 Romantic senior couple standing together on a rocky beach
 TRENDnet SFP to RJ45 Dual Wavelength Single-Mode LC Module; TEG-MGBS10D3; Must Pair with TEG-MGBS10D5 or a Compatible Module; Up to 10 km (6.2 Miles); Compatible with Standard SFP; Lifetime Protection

==

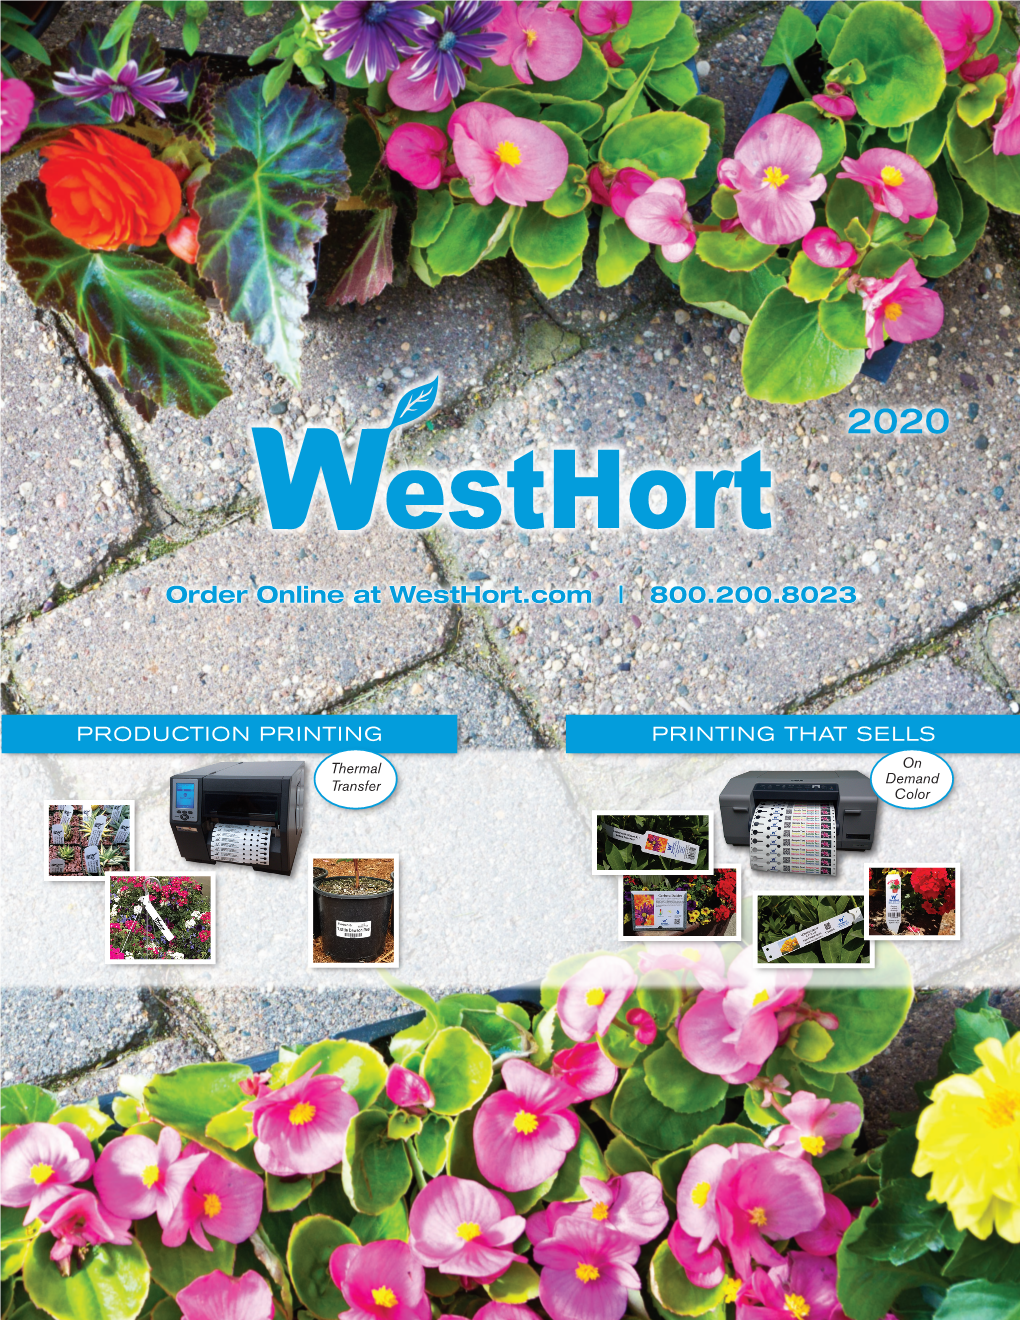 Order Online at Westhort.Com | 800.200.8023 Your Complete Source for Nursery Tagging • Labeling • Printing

▸ THE PROBLEM: In the entries above, find the line holding "Romantic senior couple" and the line holding "TRENDnet SFP to", then retype exactly those two lines and every line between them, and nothing else.

▸ TASK RESPONSE:
 Romantic senior couple standing together on a rocky beach
 TRENDnet SFP to RJ45 Dual Wavelength Single-Mode LC Module; TEG-MGBS10D3; Must Pair with TEG-MGBS10D5 or a Compatible Module; Up to 10 km (6.2 Miles); Compatible with Standard SFP; Lifetime Protection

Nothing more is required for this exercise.